The busy hurricane season continues and for the second time on record, the Greek alphabet is being used to name storms, as the list of 21 Atlantic tropical storm names for 2020 were exhausted.

Tropical Storm Wilfred dissipated last Friday (Sept 18) giving way to the first storm to take a name from the first letter of the Greek alphabet – subtropical storm Alpha.

Alpha came mere hours after Tropical Storm Wilfred, which formed in the eastern Atlantic. Alpha’s maximum sustained winds Friday morning were almost 40 mph; however, it weakened over the weekend.

Wilfred was centered about 630 miles (1,015 kilometers) west-southwest of the Cabo Verde Islands and was moving west-northwest near 17 mph (28 kph).

Subtropical storm Beta, which formed as a tropical depression in the southwestern Gulf of Mexico last Thursday night, reached tropical storm status last Friday evening and moved near Texas and Louisiana with heavy rainfall.

October 2005 was the first time the Hurricane Center used the Greek alphabet when the last named storm was Zeta and six names were utilized from the Greek alphabet. This was a record-breaking year with devastating hurricanes including Katrina, Rita and Wilma, whose names have since been retired.

On Monday, the US National Hurricane Centre issued advisories on five tropical cyclones over the Atlantic basin (Paulette, Rene, Sally, Teddy and Vicky). This ties the record for the greatest number of tropical cyclones in that basin at one time; the last set was in September 1971.

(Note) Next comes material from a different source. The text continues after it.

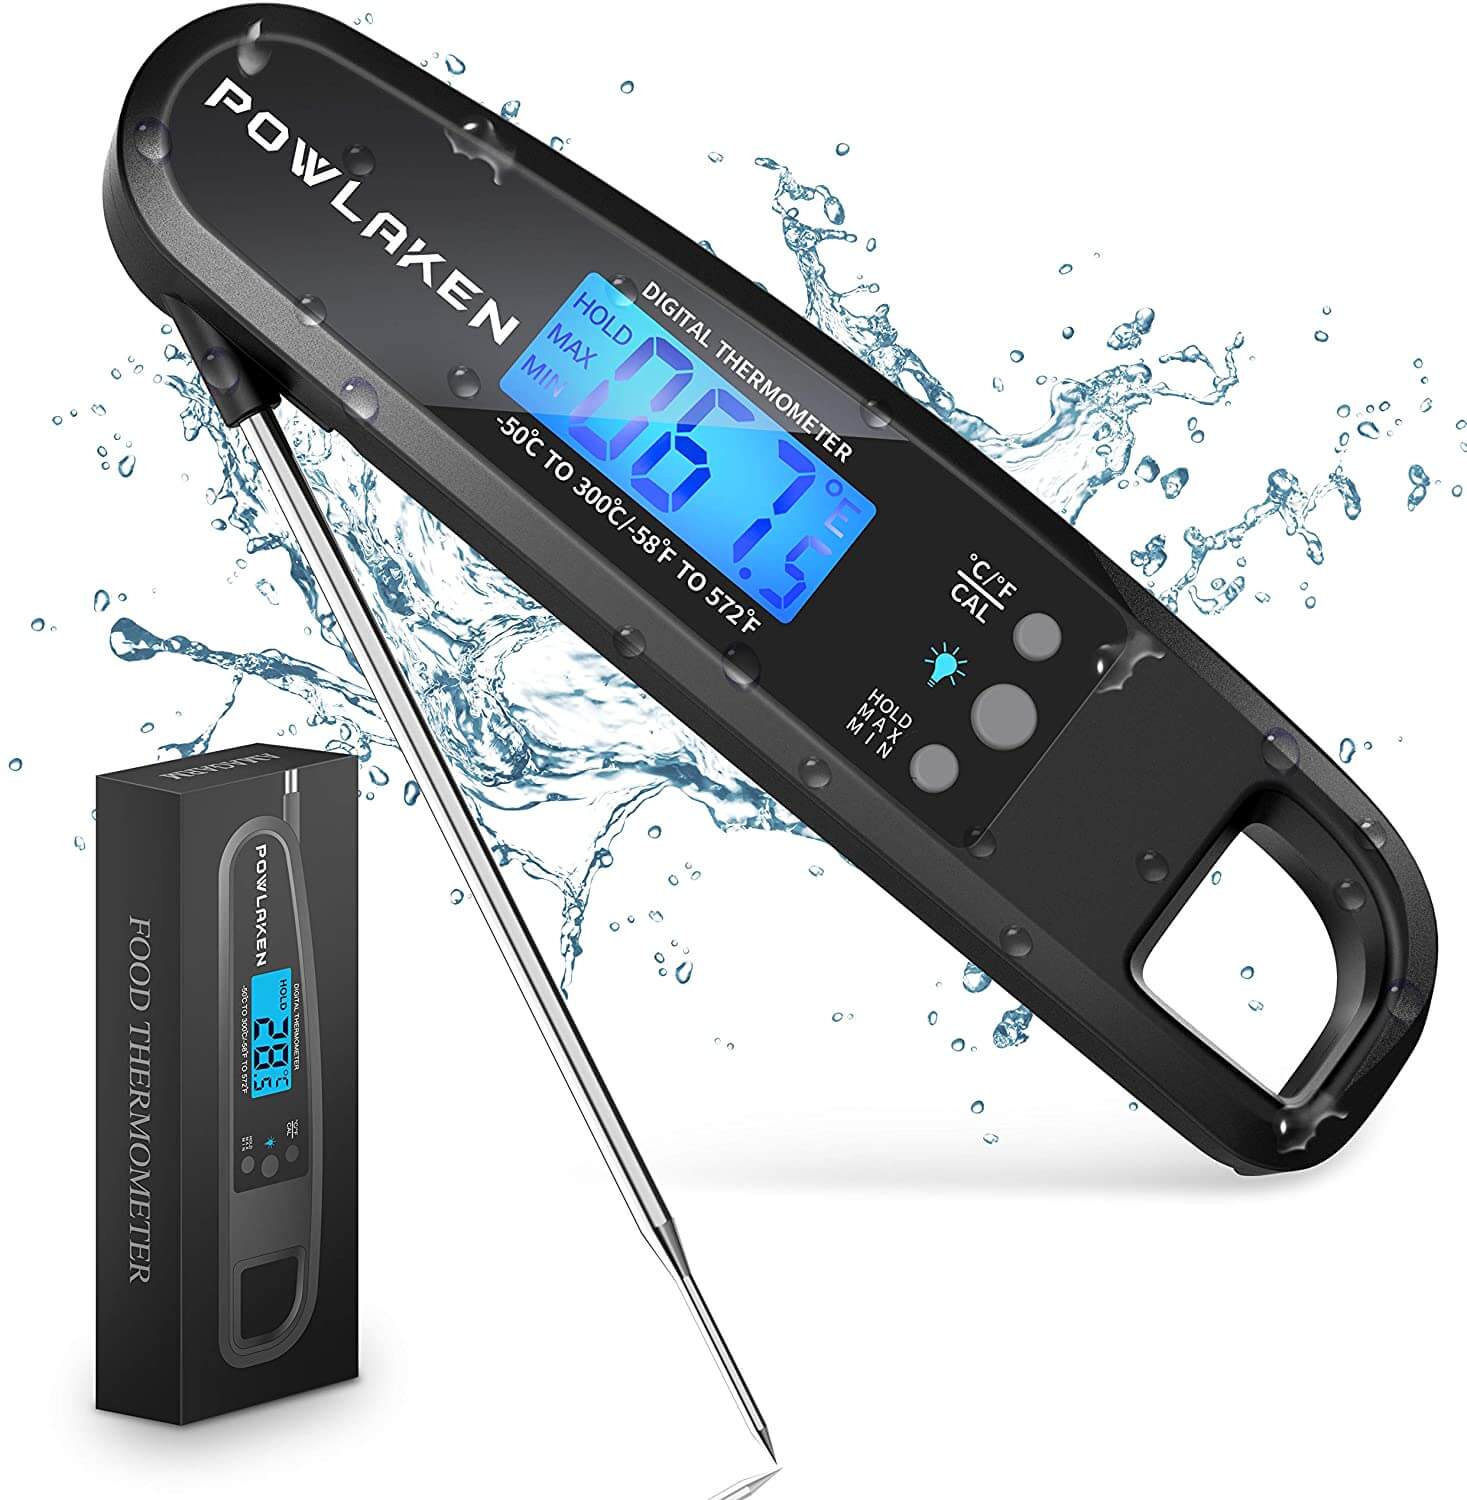 Powlaken Meat Food Thermometer

Four simultaneous named tropical storms or hurricanes have happened six other times since the 1960s.

The World Meteorological Organisation (WMO) uses rotating lists of names in alphabetical order for tropical cyclones. Male and female names are alternated, and the lists are used every six years.

If a hurricane is particularly devastating or deadly, its name is retired and a new one selected.

The WMO explained that the hurricane name lists include just 21 letters out of 26 because it is difficult to find six appropriate names for the six rotating lists starting with Q, U, X, Y and Z.

Furthermore, due to the geographical coverage of the storms throughout the Atlantic and Caribbean, names must reflect a balance between French, Spanish and English names. They also have to respect societal sensitivities.

The 2020 exhausted list of names are Arthur, Bertha, Cristobal, Dolly, Edouard, Fay, Gonzalo, Hanna, Isaias, Josephine, Kyle, Laura, Marco, Nana, Omar, Paulette, Rene, Sally, Teddy, Wilfred and Vicky.

The Atlantic hurricane season is expected to end November 30.